Professor Muh-Hwa Yang and his colleagues looked at the function of the Snail-miR-21 axis in antitumor immunity. They found that MiR-21-rich TEXs triggered by snails prevented macrophage NLRP3 inflammasome activity. Indeed, they observed in clinical samples of HNSCC. Moreover, a higher expression of Snail has a greater invasion of TAMs. When TAMs were given cisplatin treatment, mir-21 knockout in the murine oral cancer cell line MTCQ increased caspase-1 activation. The scRNA-seq study revealed that knocking down mir-21 decreased the percentage of CD4+ TILs while activating CD8+ TILs. They believe that both the TME-modulating action of exosomal miR-21 and the oncogenic effect of intracancerous miR-21 are responsible for the malignant tendencies of tumors with high levels of miR-21. MiR-21 may significantly impact innate immune cells in tumor-infiltrated immune cells in response to stimuli, emphasizing the significance of exosomal miR-21 transmission.
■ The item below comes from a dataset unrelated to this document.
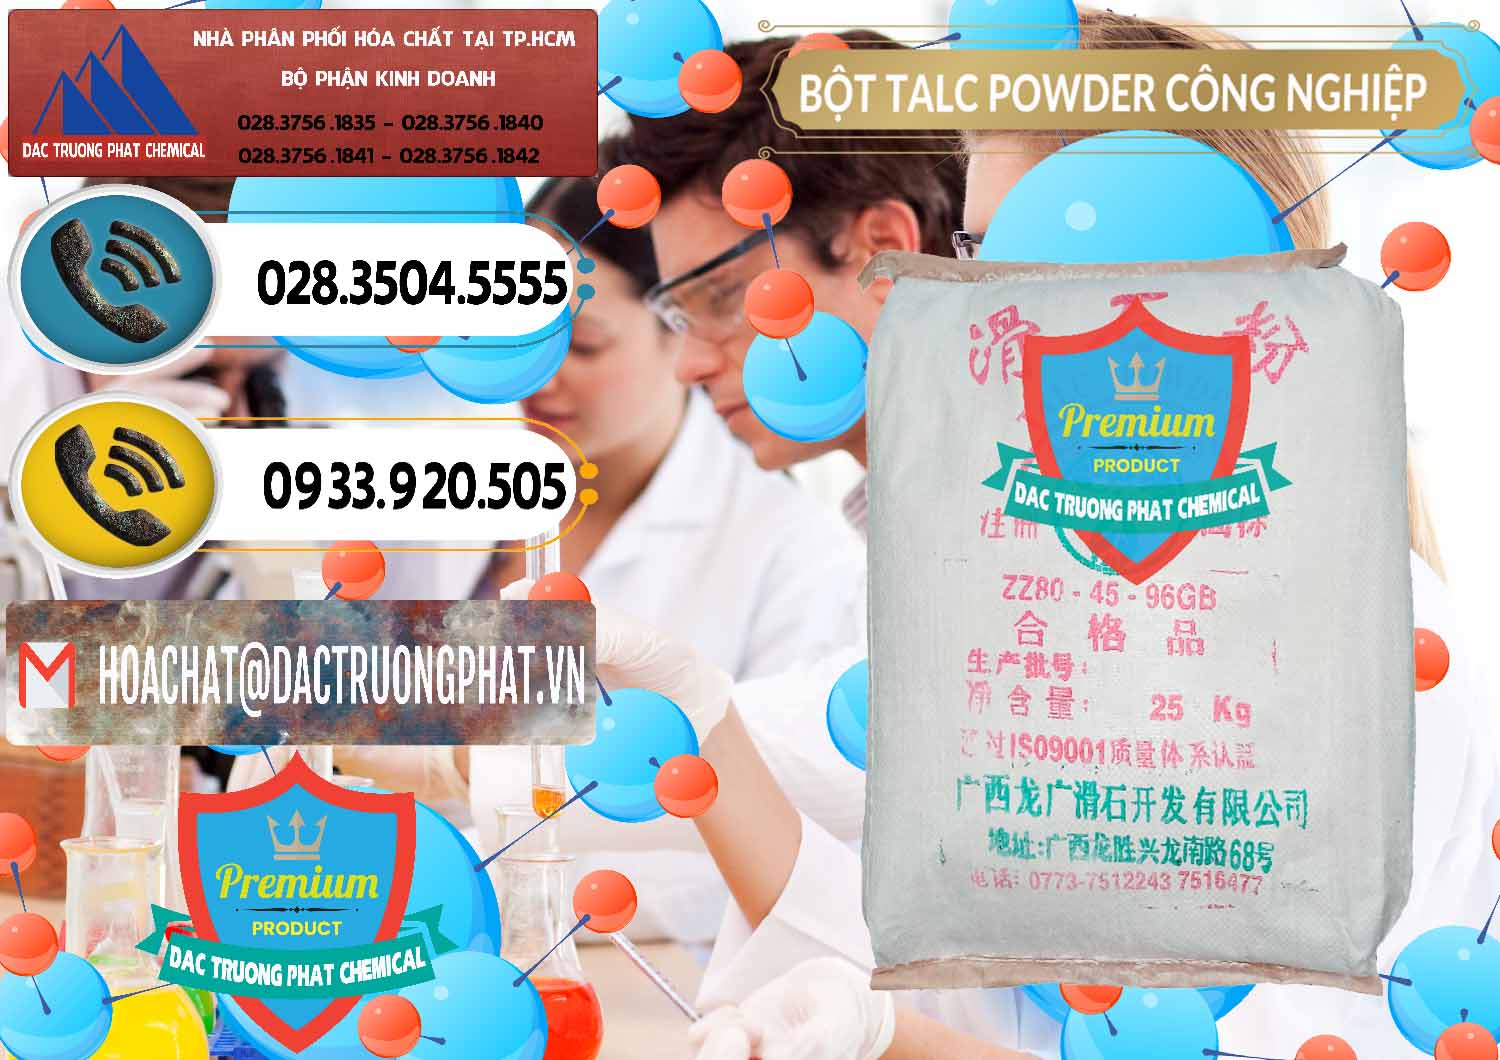 Nhập khẩu _ bán Bột Talc Powder Công Nghiệp Trung Quốc China - 0037 - Phân phối & bán hóa chất tại TP.HCM - hoachatdetnhuom.vn

In summary, targeting the NLRP3 inflammasome or its downstream pathways, either solely or in combination with chemotherapy or other immunotherapeutic approaches, hold a promising potential in treatment for head and neck cancer. NYMU scientists demonstrated the important role of Snail in the metastatic evolution of immunological adaptation-related chemoresistance. In response to therapeutic stimuli, the tumor-infiltrating immune cells are dynamically shaped by the plasticity of cancer cells, demonstrating the need for real-time refined treatment strategy modification while tumor progresses.
Cheng HY, Hsieh CH, Lin PH, Chen YT, Hsu DS, Tai SK, Chu PY, Yang MH. Snail-regulated exosomal microRNA-21 suppresses NLRP3 inflammasome activity to enhance cisplatin resistance. Journal for immunotherapy of cancer. 2022;10(8):e004832.